All videos are in .mp4 format, and in all instances, every other episode is appearing correctly EXCEPT episode 10. (and now 11 in the last three I’ve tried.)
I have over 4,000 files and have not had this issue until the last month, something has changed and I’m not sure what.
@cjezell said:
I have been having an issue for the last three weeks where whenever I import a television season, Plex will skip episode 10 completely. It’s not that it misidentifies the episode, it simply doesn’t appear at all. Last night, it also started doing the same with episode 11’s as well. I have tried the recommended naming convention as well as a couple of different variations, and nothing works. And yes, I have done the “Plex Dance” SEVERAL times.
Here is how the files are named:
“\ds1512\video\Television\Star Wars The Clone Wars\Season 1\Star Wars The Clone Wars - S01E10 - Lair of Grievouos.mp4”
(snip)
Would you please show the files and structure as you have them (the block)?
Also, is there any metadata tagging inside those MP4 files? Incorrect “Name” field values will result in non-match. This is one reason MKV files are easier than MP4. The counterpoint to using MKV for all is not all players can play an MP4 natively. PMS doesn’t care because it reads both formats natively and streams the H.264 & audio streams (which both have in common).

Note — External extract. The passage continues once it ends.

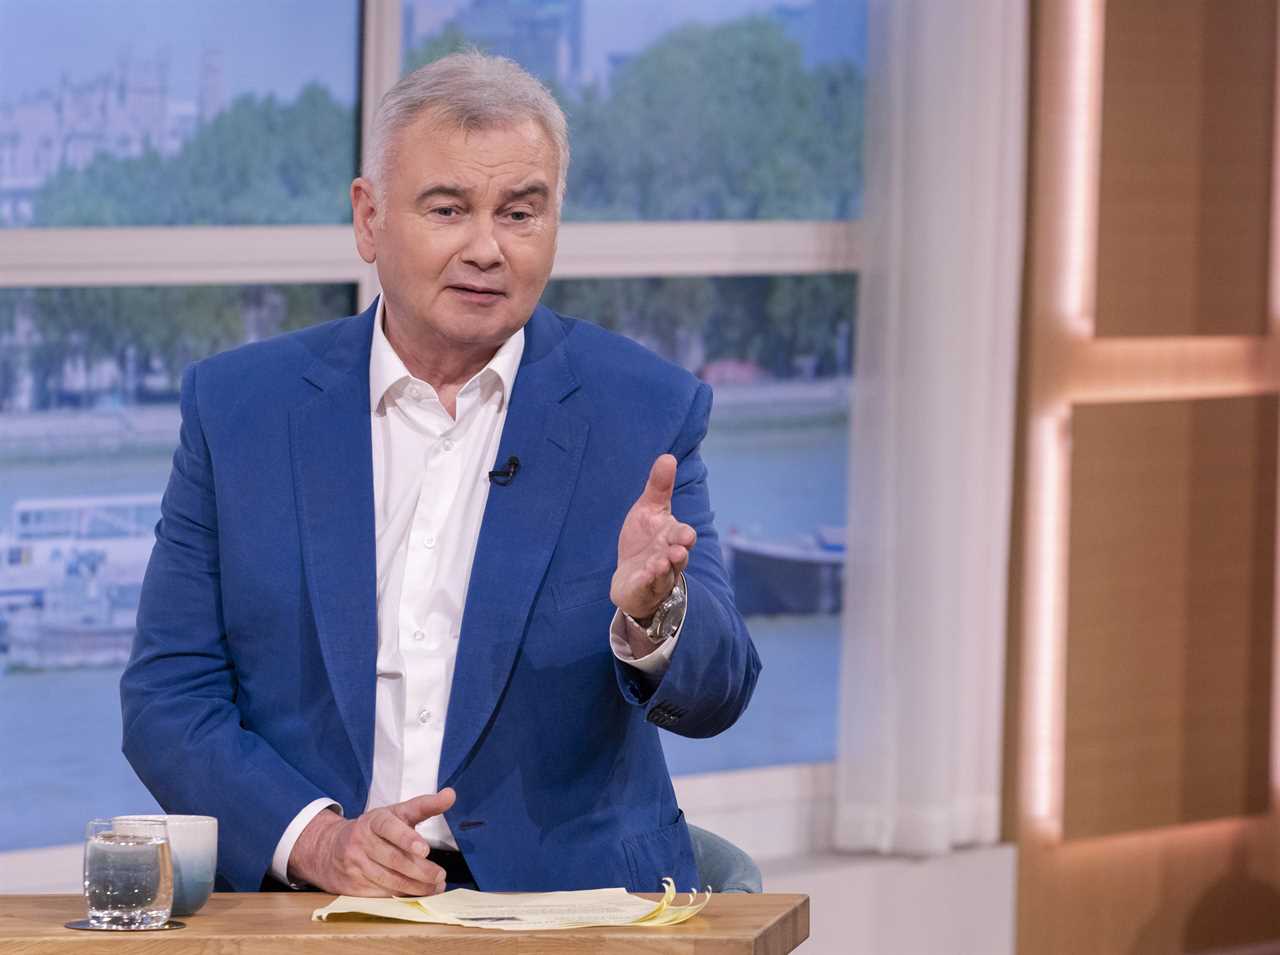 Eamonn Holmes says he felt ‘humiliated’ outside Buckingham Palace before the Queen’s funeral

To further this for all: I am unable to reproduce difficulties with Star Wars: The Clone Wars:
File names/structure:
Star Wars The Clone Wars/
Season 01/
Star Wars The Clone Wars.S01E01.mkv
Star Wars The Clone Wars.S01E02.mkv
Star Wars The Clone Wars.S01E03.mkv
Star Wars The Clone Wars.S01E04.mkv
Star Wars The Clone Wars.S01E05.mkv
Star Wars The Clone Wars.S01E06.mkv
Star Wars The Clone Wars.S01E07.mkv
Star Wars The Clone Wars.S01E08.mkv
Star Wars The Clone Wars.S01E09.mkv
Star Wars The Clone Wars.S01E10.mkv
Star Wars The Clone Wars.S01E11.mkv
Star Wars The Clone Wars.S01E12.mkv
Star Wars The Clone Wars.S01E13.mkv
Star Wars The Clone Wars.S01E14.mkv
Star Wars The Clone Wars.S01E15.mkv
Six seasons were created. All present and accounted for. No ‘Episode 10’ naming difficulties whatsoever.
The actual date / time is placed in a text file with the proper name and file creation is separated by 1 second to ensure each file generates a sufficiently different fingerprint for the scanner.
The script is:
#!/bin/tcsh
foreach i (01 02 03 04 05 06 07 08 09 10 11 12 13 14 15)
foreach j (01 02 03 04 05 06)
echo "This is $i $j `date` and some other meaningless djunkasdfh24taskjhertywerygbafgyb `date`" > "Star Wars The Clone Wars.S${j}E${i}.mkv"
sleep 1
end
end
S01E10’s contents are:
[chuck@lizum Seasion 01.128]$ cat *E10*
This is 10 01 Sun Jan 22 13:37:47 EST 2017 and some other meaningless djunkasdfh24taskjhertywerygbafgyb Sun Jan 22 13:37:47 EST 2017
S02E10’s contents are:
[chuck@lizum Seasion 01.130]$ cd ../*2
[chuck@lizum Seasion 02.131]$ cat *10*
This is 10 02 Sun Jan 22 13:37:48 EST 2017 and some other meaningless djunkasdfh24taskjhertywerygbafgyb Sun Jan 22 13:37:48 EST 2017
[chuck@lizum Seasion 02.132]$
Notice, enough to create signature differences to prevent the scanner from labeling as duplicates.